In den 50er-Jahren habe es außerdem auf dem gesamten Bahndamm keinen Bewuchs gegeben - das Gestrüpp neben den Gleisen prangerten viele als unzulässige Gefahr an. Erst nachdem die BR-Sendung "quer" vergangene Woche über die Tragödie berichtete, wurde der unübersichtliche Holzgestrüpphaufen an den Gleisen entfernt

"Meines Wissens kam es damals bei keiner der beiden Schranke jemals zu einem Verkehrsunfall", erklärt der Professor abschließend, obwohl er sich auch erinnern könne, dass es mal vorgekommen sei, dass die Schranke einmal versehentlich offen geblieben sei, wenn ein Zug durchfuhr. "Man muss aber auch bedenken, dass die Autoverkehrsdichte damals sehr viel niedriger war als heute." 

Und was sagt die Bahn dazu? 

"Eine Prüfung im historischen Unternehmensarchiv der Deutschen Bahn bezüglich der technischen Sicherung eines Bahnübergangs vor mehr als 60 oder 70 Jahren hilft nicht, die Frage zu beantworten, was unter den heutigen Rahmenbedingungen geboten ist", erklärt ein Sprecher der Bahn kurz und knapp auf Nachfrage der Redaktion per Mail. 

Die Sicherung eines Bahnübergangs hänge unter anderem von drei Faktoren ab:

  • Art der Bahnstrecke (Hauptbahn/Nebenbahn)
  • Geschwindigkeit des Zuges 
  • Verkehrsstärke auf der kreuzenden Straße

Der Ausbauzustand und die dadurch bestimmte technische Ausstattung eines Bahnübergangs folge nach eingehender Abstimmung aller Kreuzungspartner gemäß den Gesetzen und anerkannten Regeln der Technik, wie unter anderem dem Eisenbahnkreuzungsrecht (EKrG).
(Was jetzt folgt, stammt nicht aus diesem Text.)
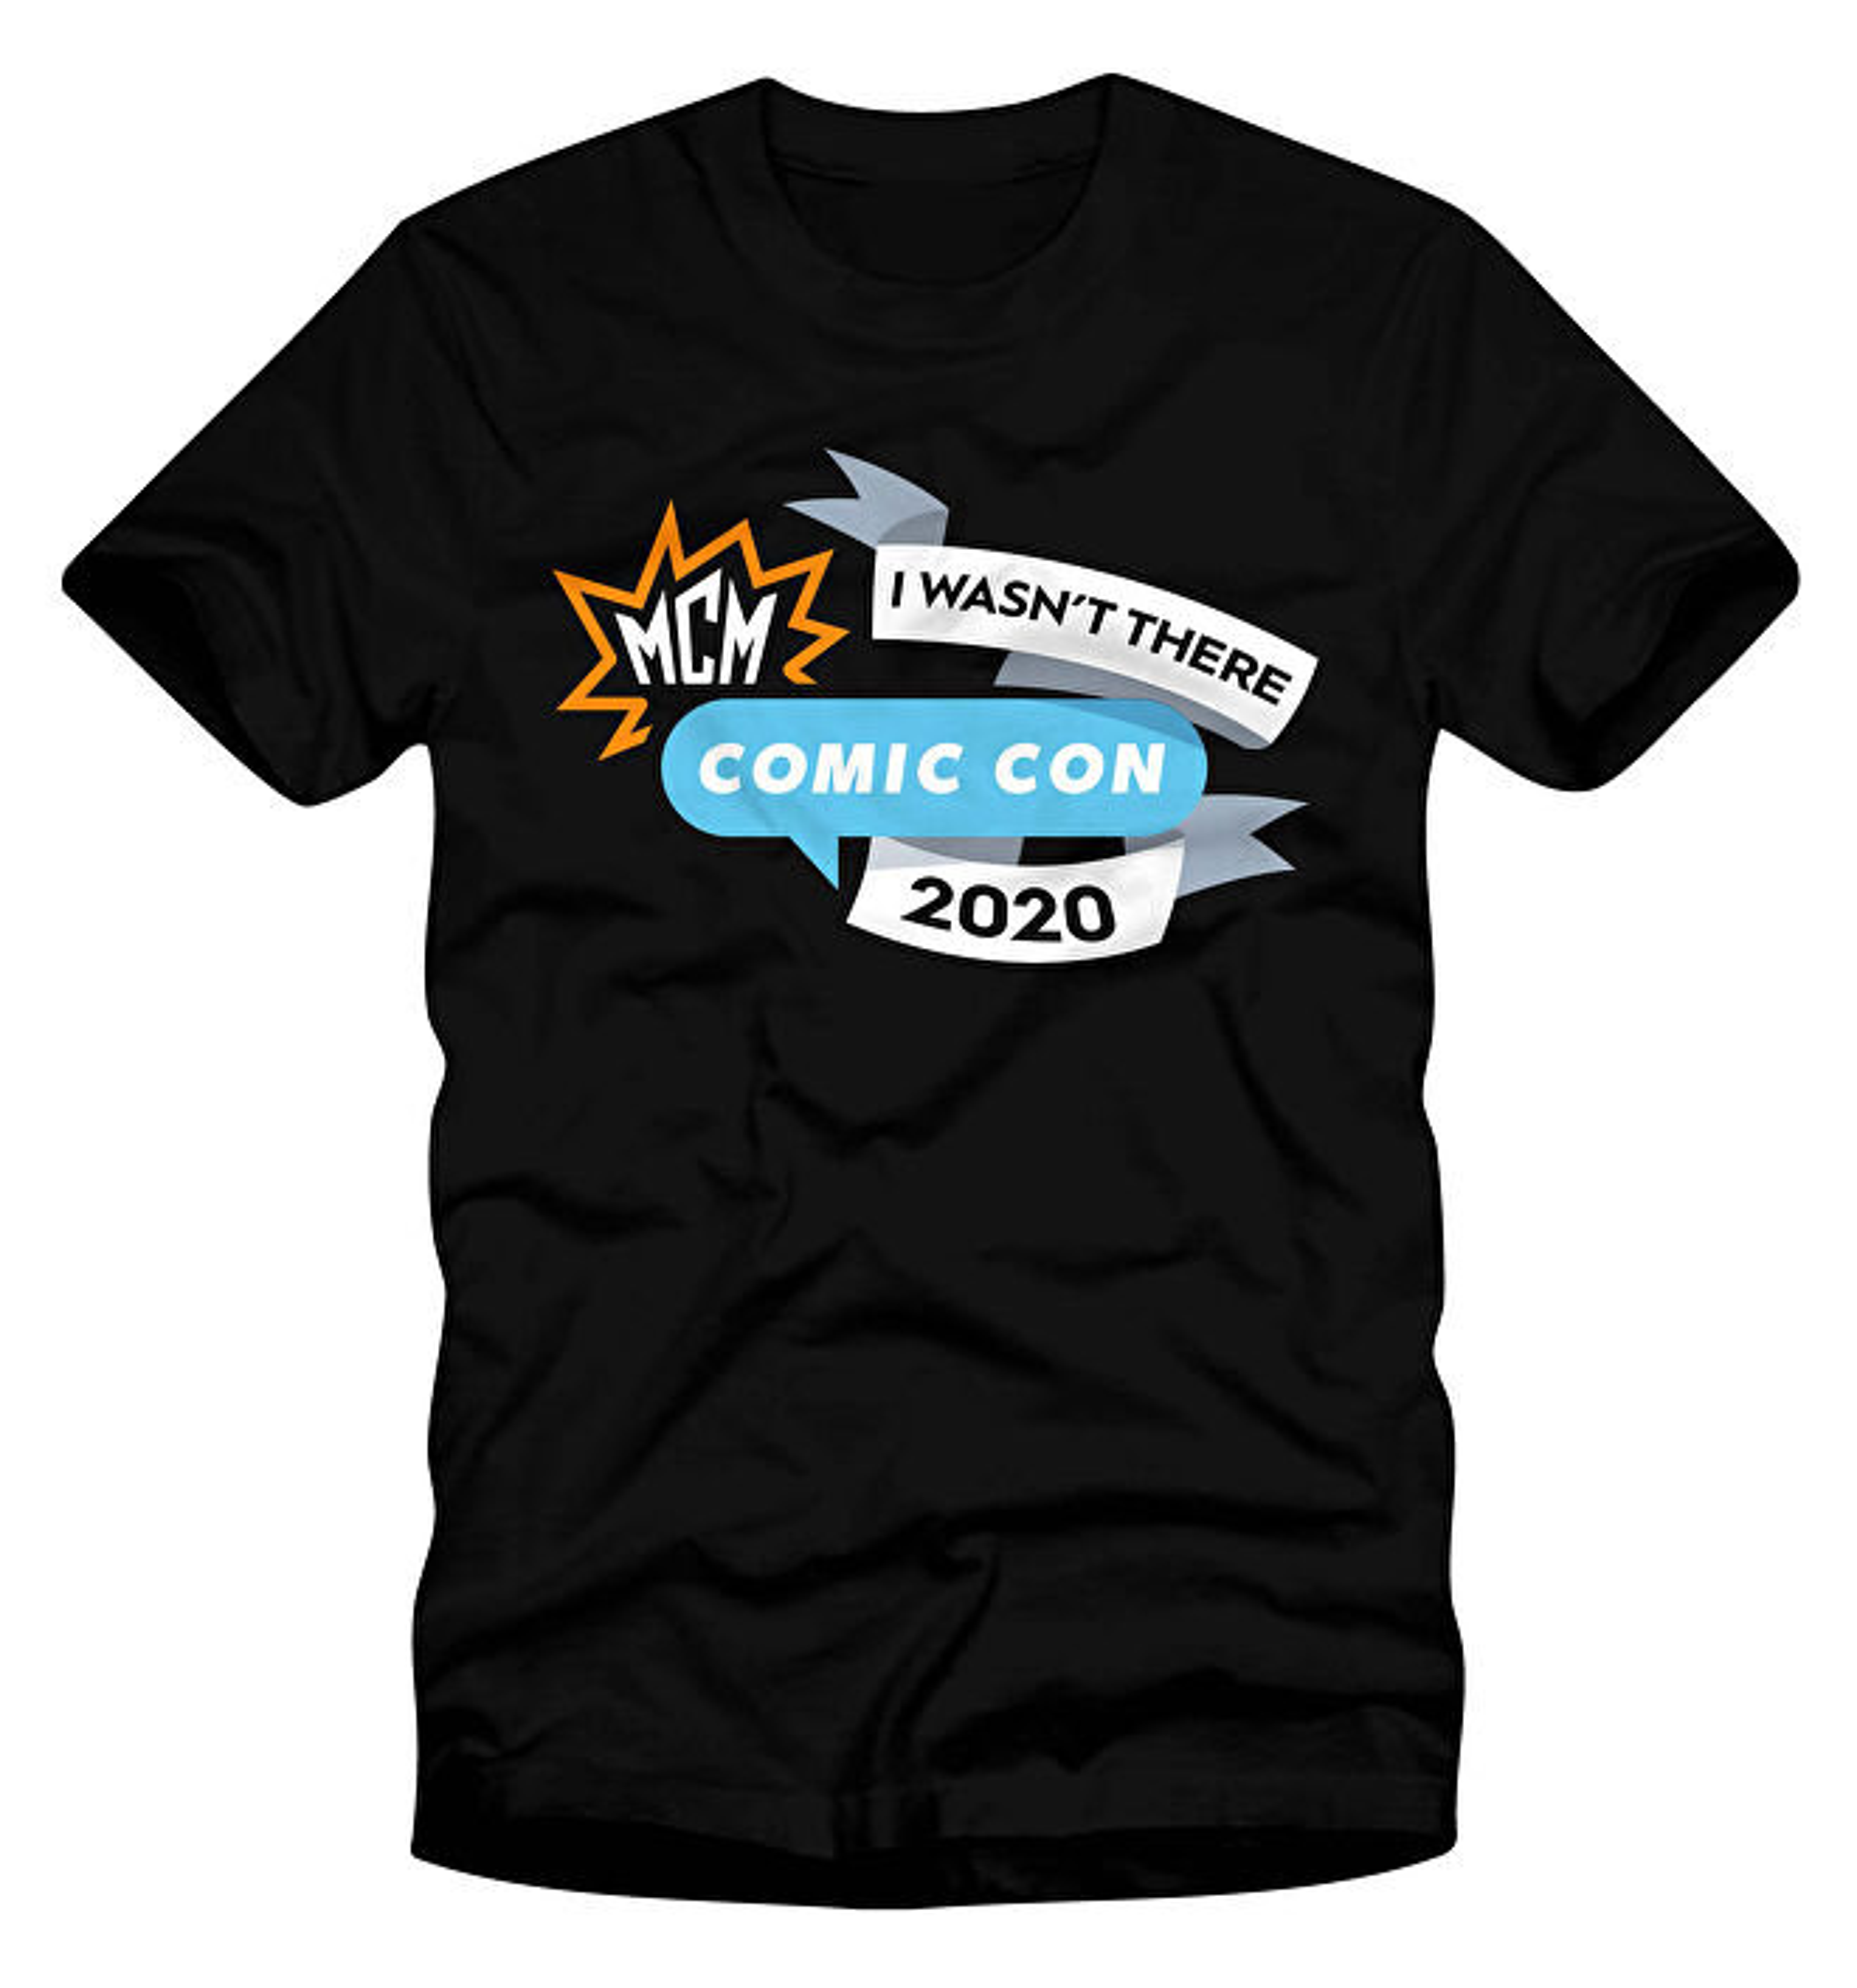 MCM_2020-I-Wasnt-There.jpg

Die Bahn sei aufgrund des jüngsten Unfalls in Viehhausen in Abstimmung mit den beteiligten Kreuzungspartnern, betont aber: "Wir können diesen Gesprächen nicht vorgreifen.

Mit den Partnern der Kampagne "sicher drüber", darunter ADAC und Bundespolizei, engagiere man sich seit Jahren in der Unfallprävention und weisen gerade junge Autofahrer zum Beispiel über die sozialen Medien auf diesen Umstand und die Verkehrsregeln am Bahnübergang hin.